# Types of storage

***

### **The Physical Foundation: Disk Blocks**

Beneath all these abstractions lies the physical storage medium, organized into disk blocks (also called sectors or physical blocks). These represent the actual hardware-level units that the storage device can read or write in a single operation.

Modern hard drives typically use 4KB physical blocks, while SSDs may use different page sizes (often 4KB, 8KB, or 16KB). These physical blocks represent the atomic unit of I/O at the hardware level—the device cannot read or write anything smaller without retrieving the entire block.
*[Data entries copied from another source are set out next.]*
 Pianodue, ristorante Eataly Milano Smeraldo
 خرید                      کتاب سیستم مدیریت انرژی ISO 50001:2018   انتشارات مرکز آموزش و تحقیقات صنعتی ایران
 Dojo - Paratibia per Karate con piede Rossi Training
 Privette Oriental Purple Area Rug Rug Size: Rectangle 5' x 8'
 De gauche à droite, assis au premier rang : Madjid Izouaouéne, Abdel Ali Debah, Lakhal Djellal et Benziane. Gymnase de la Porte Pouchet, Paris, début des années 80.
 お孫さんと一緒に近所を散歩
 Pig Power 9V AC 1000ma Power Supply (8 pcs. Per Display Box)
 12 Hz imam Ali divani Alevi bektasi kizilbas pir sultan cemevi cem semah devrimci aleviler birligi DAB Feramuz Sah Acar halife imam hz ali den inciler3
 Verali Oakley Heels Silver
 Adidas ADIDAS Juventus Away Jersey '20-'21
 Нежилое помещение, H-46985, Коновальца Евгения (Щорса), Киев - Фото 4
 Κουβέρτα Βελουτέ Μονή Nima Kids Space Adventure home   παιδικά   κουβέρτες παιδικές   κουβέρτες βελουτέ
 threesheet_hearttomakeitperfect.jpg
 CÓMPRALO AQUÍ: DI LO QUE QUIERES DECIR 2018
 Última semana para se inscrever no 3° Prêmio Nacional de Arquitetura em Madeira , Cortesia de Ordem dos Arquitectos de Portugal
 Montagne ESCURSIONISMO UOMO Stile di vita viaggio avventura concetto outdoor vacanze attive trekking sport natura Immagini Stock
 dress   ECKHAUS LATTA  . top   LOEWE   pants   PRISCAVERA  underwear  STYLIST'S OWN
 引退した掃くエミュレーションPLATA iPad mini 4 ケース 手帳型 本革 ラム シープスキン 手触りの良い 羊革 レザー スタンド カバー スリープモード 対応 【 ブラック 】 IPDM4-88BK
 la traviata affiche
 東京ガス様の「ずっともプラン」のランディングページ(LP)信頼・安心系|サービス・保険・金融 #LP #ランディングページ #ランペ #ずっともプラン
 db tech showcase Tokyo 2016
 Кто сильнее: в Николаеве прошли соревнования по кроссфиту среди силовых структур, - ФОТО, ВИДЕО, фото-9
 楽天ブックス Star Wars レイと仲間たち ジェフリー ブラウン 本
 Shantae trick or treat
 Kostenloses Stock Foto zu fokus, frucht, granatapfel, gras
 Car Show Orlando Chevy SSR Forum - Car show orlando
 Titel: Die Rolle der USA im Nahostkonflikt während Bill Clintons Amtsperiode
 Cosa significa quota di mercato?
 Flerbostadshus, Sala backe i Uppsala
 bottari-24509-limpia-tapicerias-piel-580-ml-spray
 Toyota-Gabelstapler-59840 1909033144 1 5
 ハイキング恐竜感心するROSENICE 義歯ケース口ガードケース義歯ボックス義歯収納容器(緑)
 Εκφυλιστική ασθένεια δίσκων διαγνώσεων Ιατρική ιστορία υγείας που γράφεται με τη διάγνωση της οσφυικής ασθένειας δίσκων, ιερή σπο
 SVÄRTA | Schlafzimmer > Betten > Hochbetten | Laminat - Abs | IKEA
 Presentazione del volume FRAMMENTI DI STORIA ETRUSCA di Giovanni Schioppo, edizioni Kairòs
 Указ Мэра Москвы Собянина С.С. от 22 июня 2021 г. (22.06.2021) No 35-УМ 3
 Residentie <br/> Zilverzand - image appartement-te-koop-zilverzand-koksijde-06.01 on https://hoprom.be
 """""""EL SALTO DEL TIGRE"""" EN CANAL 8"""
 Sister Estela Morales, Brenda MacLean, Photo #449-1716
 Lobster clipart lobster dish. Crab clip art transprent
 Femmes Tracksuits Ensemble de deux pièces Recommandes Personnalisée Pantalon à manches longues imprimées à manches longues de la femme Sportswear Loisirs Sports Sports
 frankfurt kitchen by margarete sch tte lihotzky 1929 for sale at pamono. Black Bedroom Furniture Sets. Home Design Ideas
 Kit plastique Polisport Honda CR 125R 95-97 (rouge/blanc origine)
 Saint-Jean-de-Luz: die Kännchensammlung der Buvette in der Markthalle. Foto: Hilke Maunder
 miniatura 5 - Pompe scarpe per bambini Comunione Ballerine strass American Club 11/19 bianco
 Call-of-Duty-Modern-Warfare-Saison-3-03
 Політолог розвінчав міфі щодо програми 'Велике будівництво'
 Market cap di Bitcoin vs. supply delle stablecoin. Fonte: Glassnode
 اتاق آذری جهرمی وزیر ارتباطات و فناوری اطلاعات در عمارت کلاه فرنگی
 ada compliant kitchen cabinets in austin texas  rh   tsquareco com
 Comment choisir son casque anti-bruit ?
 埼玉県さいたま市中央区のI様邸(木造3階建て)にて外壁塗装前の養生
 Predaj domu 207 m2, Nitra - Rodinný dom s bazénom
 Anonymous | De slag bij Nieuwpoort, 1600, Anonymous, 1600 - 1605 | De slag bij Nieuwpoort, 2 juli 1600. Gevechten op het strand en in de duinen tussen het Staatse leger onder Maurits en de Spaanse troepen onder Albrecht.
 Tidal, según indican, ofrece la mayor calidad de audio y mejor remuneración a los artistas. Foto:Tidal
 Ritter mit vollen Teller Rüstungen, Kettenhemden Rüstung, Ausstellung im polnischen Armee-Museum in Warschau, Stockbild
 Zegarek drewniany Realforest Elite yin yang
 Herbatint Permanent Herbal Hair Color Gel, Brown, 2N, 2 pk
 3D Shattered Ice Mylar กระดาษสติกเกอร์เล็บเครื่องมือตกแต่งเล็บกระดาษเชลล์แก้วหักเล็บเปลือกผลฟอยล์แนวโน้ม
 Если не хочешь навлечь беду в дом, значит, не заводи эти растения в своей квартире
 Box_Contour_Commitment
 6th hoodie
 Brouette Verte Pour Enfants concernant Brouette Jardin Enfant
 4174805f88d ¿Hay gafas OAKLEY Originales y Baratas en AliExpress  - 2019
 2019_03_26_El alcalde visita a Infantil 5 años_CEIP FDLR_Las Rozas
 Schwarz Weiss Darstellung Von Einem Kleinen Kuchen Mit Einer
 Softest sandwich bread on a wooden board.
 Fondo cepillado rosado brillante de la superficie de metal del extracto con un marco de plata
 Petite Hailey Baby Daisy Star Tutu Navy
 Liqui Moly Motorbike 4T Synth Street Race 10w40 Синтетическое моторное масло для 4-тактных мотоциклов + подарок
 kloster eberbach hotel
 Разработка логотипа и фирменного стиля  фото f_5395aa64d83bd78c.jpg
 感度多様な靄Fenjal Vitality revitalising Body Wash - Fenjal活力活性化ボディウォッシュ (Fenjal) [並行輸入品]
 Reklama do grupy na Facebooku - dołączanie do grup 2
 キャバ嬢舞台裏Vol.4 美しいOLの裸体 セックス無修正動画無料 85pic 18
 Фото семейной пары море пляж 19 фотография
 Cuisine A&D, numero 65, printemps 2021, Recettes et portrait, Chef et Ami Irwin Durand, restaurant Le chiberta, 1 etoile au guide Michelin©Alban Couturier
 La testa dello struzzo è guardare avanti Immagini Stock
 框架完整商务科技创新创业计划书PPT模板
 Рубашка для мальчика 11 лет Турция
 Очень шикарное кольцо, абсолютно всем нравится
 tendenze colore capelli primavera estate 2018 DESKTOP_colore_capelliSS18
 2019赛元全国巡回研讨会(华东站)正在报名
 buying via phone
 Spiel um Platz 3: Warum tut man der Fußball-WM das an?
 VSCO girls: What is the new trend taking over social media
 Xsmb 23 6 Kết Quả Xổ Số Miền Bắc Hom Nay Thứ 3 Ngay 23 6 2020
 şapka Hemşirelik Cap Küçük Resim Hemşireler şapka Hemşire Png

**The Abstraction Hierarchy**

The relationship between these levels forms a layered architecture:

1. **Physical disk blocks**: The hardware's native addressable units
2. **Block storage**: Logical blocks exposed to the operating system (may align with or abstract physical blocks)
3. **File systems**: Built on block storage to provide file and directory abstractions
4. **Object storage**: Often built on file systems or block storage, adding its own object-oriented layer

Each layer introduces overhead but provides valuable functionality. Block storage adds minimal overhead while enabling flexibility. File systems add metadata management and hierarchical organization. Object storage adds scalability, rich metadata, and simplified distribution at the cost of access pattern constraints (primarily read-entire-object operations).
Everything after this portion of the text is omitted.